JakeStevens · web-flow · commit e1ecac0b1ff1 · 2026-02-23T02:15:28.000Z
Differential Revision: D93620973 Pull Request resolved: pytorch#17529
diff --git a/backends/cadence/generic/operators/op_quantized_conv2d.cpp b/backends/cadence/generic/operators/op_quantized_conv2d.cpp
@@ -392,6 +392,101 @@ void quantized_conv2d_nchw(
 #undef typed_quantized_conv2d_nchw
 }
 
+// Depthwise NHWC convolution.
+// Weight layout is [*kernel_size, OC]:
+//   2D: [KH, KW, OC] (3D tensor)
+//   1D: [K, OC] (2D tensor)
+// This differs from regular NHWC conv where weight is [OC, KH, KW, IC].
+void quantized_conv2d_nhwc_depthwise(
+    const Tensor& input,
+    const Tensor& weight,
+    const Tensor& bias,
+    IntArrayRef stride,
+    IntArrayRef padding,
+    IntArrayRef dilation,
+    int16_t groups,
+    int32_t in_zero_point,
+    int32_t weight_zero_point,
+    float bias_scale,
+    float output_scale,
+    int32_t output_zero_point,
+    Tensor& out) {
+  const bool conv1d = input.dim() == 3;
+
+  // input NHWC: [N, H, W, C] or [N, W, C] for 1D
+  const int n = static_cast<int>(input.size(0));
+  const int h = static_cast<int>(conv1d ? 1 : input.size(1));
+  const int w = static_cast<int>(conv1d ? input.size(1) : input.size(2));
+  const int c = static_cast<int>(conv1d ? input.size(2) : input.size(3));
+
+  // Depthwise weight: [KH, KW, OC] or [K, OC] for 1D
+  const int kh = conv1d ? 1 : static_cast<int>(weight.size(0));
+  const int kw = conv1d ? static_cast<int>(weight.size(0))

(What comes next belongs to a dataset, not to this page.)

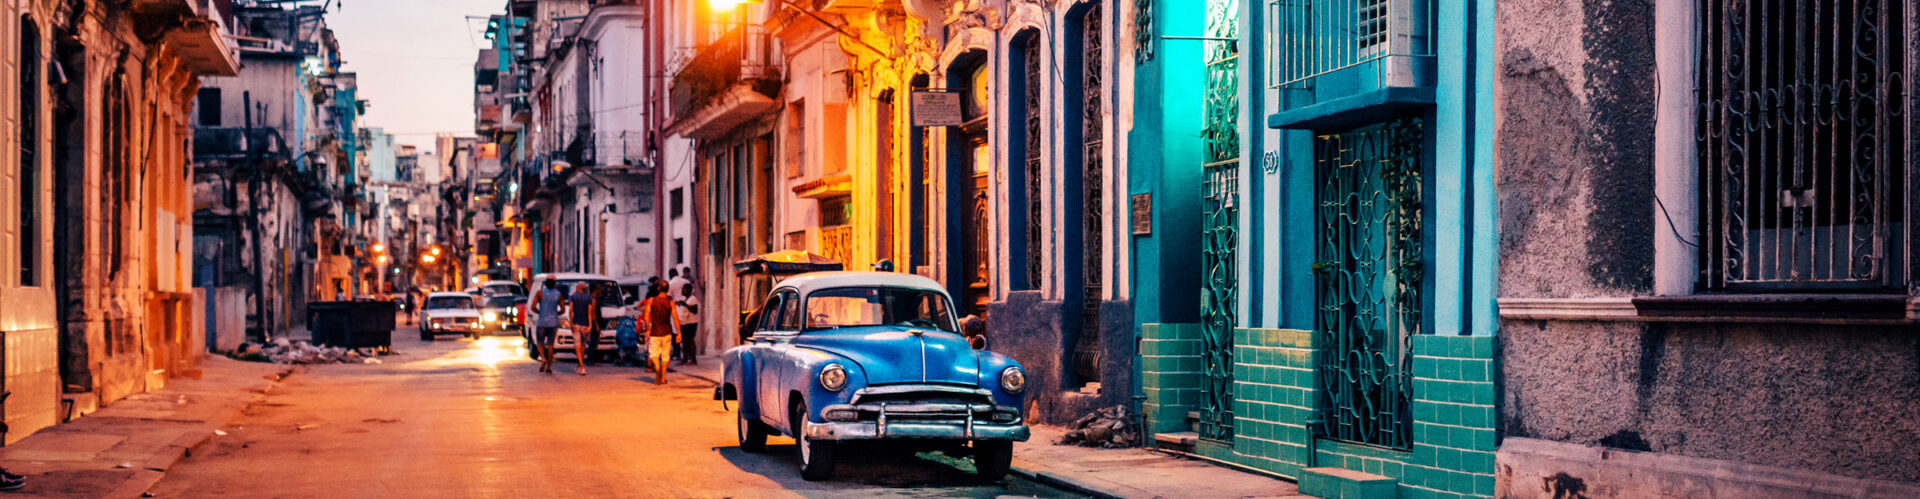 Havanna bei Nacht, Oldtown, Latin America Tours
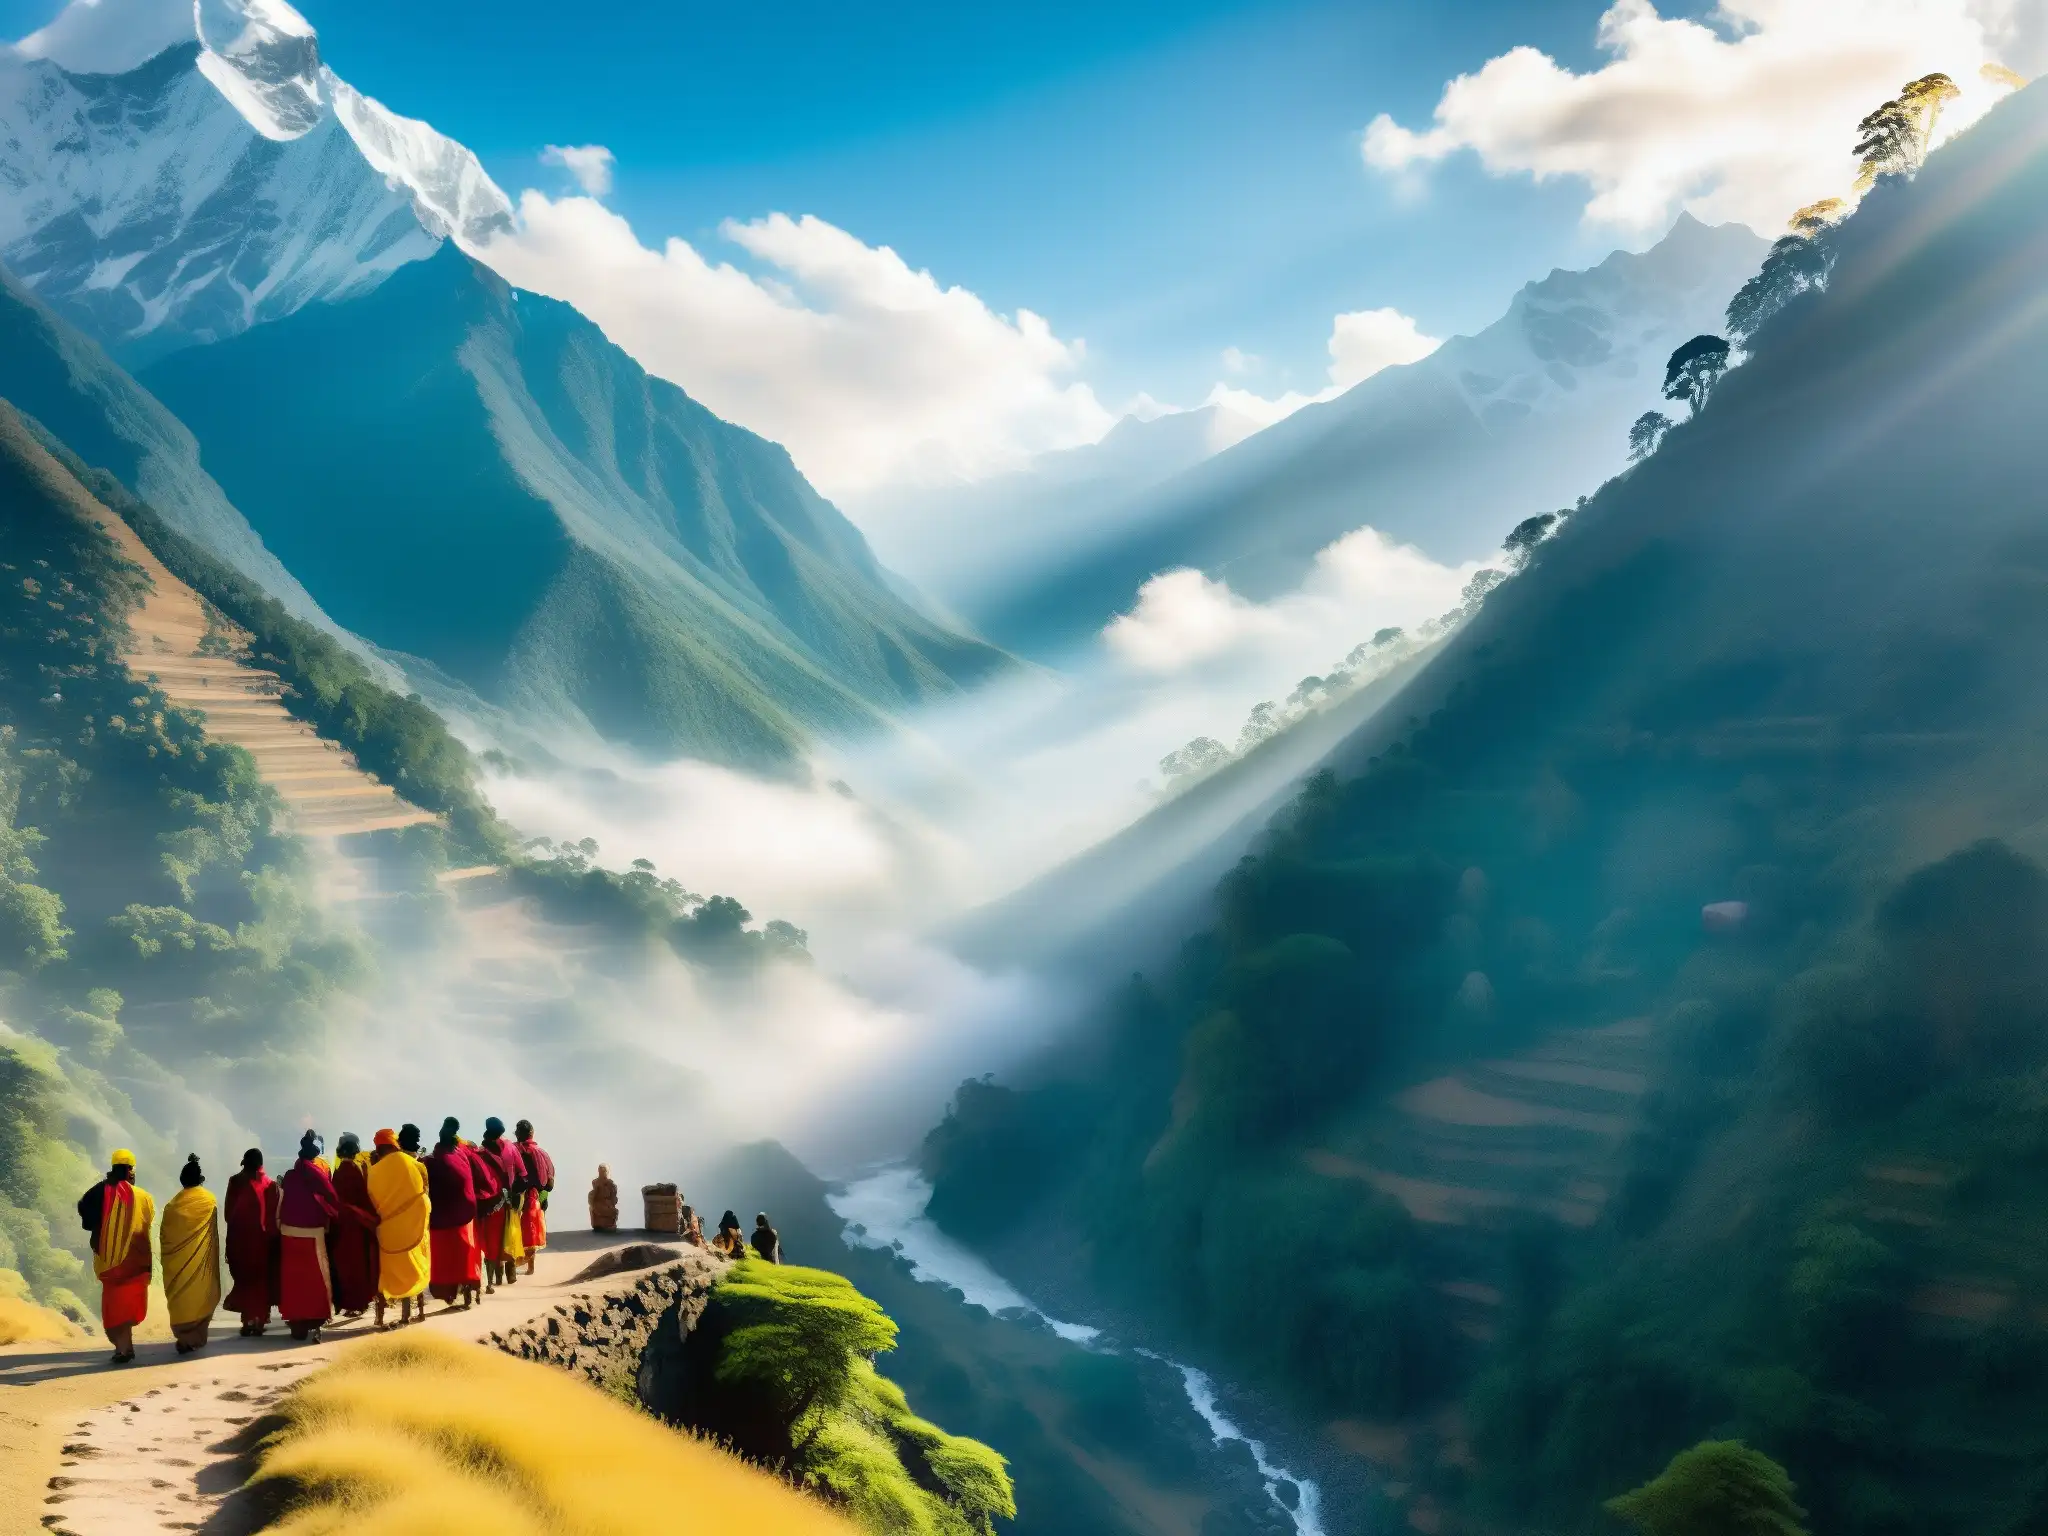 Valle de los Inmortales India mito: Paisaje místico de los majestuosos Himalayas, con templos antiguos y locales en atuendos tradicionales

+                        : static_cast<int>(weight.size(1));
+  const int oc = conv1d ? static_cast<int>(weight.size(1))
+                        : static_cast<int>(weight.size(2));
+
+  // output NHWC: [N, OH, OW, OC] or [N, OW, OC] for 1D
+  const int oh = static_cast<int>(conv1d ? 1 : out.size(1));
+  const int ow = static_cast<int>(conv1d ? out.size(1) : out.size(2));
+
+  const float inv_out_scale = 1.f / output_scale;
+
+  // Depthwise: each output channel depends on exactly one input channel.
+  // ocpg = oc / groups output channels per group.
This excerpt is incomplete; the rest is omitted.